Structural and photoluminescence characteristics of M3Al5O12:Eu3+ (M = Y, Gd and La) nanophosphors for optoelectronic applications

M3Al5O12:Eu3+ (M = Y, Gd and La) nanosized phosphor materials were designed using combustion procedure and then characterized with several techniques. The optimum concentration of dopant ion was found to be 0.03 mol for Y3Al5O12 lattice. The materials were synthesized at 600 A degrees C and were further calcined at 900 and 1050 A degrees C for 2 h each to evaluate the temperature effect on photoluminescence and structural characteristics. The luminescence properties of materials were studied by their photoluminescence emission spectra. Upon excitation at 254 nm, Gd3Al5O12 emitted intense red color due to D-5(0) -> F-7(2) transition located at 616 nm.
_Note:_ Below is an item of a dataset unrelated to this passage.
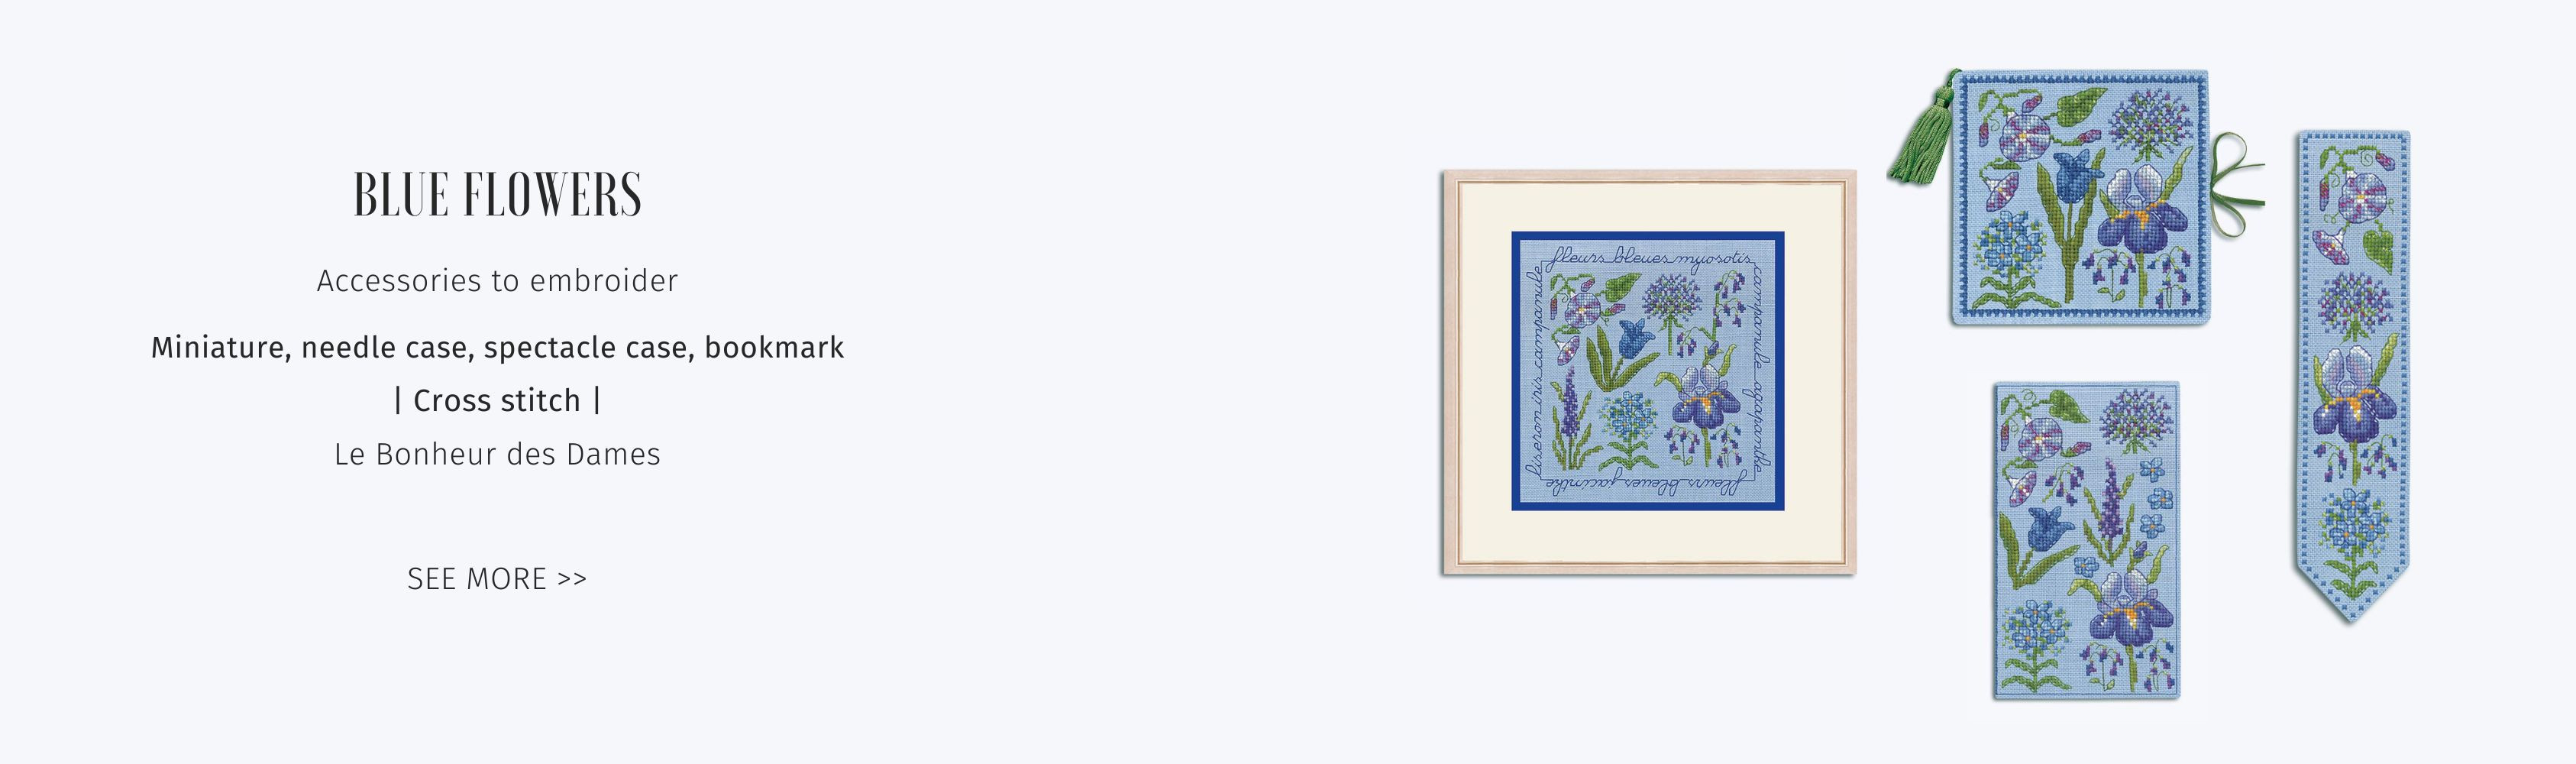 Collection Blue Flowers. Accessories to embroider: spectacle case, needle case, bookmark, miniature picture. Le Bonheur des Dames

However, D-5(0) -> F-7(1) transition located at 591 nm was dominant in case of Y3Al5O12 and La3Al5O12 responsible for their orange-red emission. Structural properties of as such synthesized phosphors were analyzed with X-ray diffraction (XRD) technique. Powder pattern of europium(III) doped Y3Al5O12 phosphor showed single phased cubic garnet structure. Gd3Al5O12:Eu3+ phosphor confirmed mixed garnet phase formation. The morphology of the materials and the particle size estimation was studied by transmission electron micrographs (TEM). Structure and chemical bonding were explained with Fourier transform infrared study (FTIR). The high luminescence and excellent stability made these phosphors suitable hosts for various lighting and display purposes.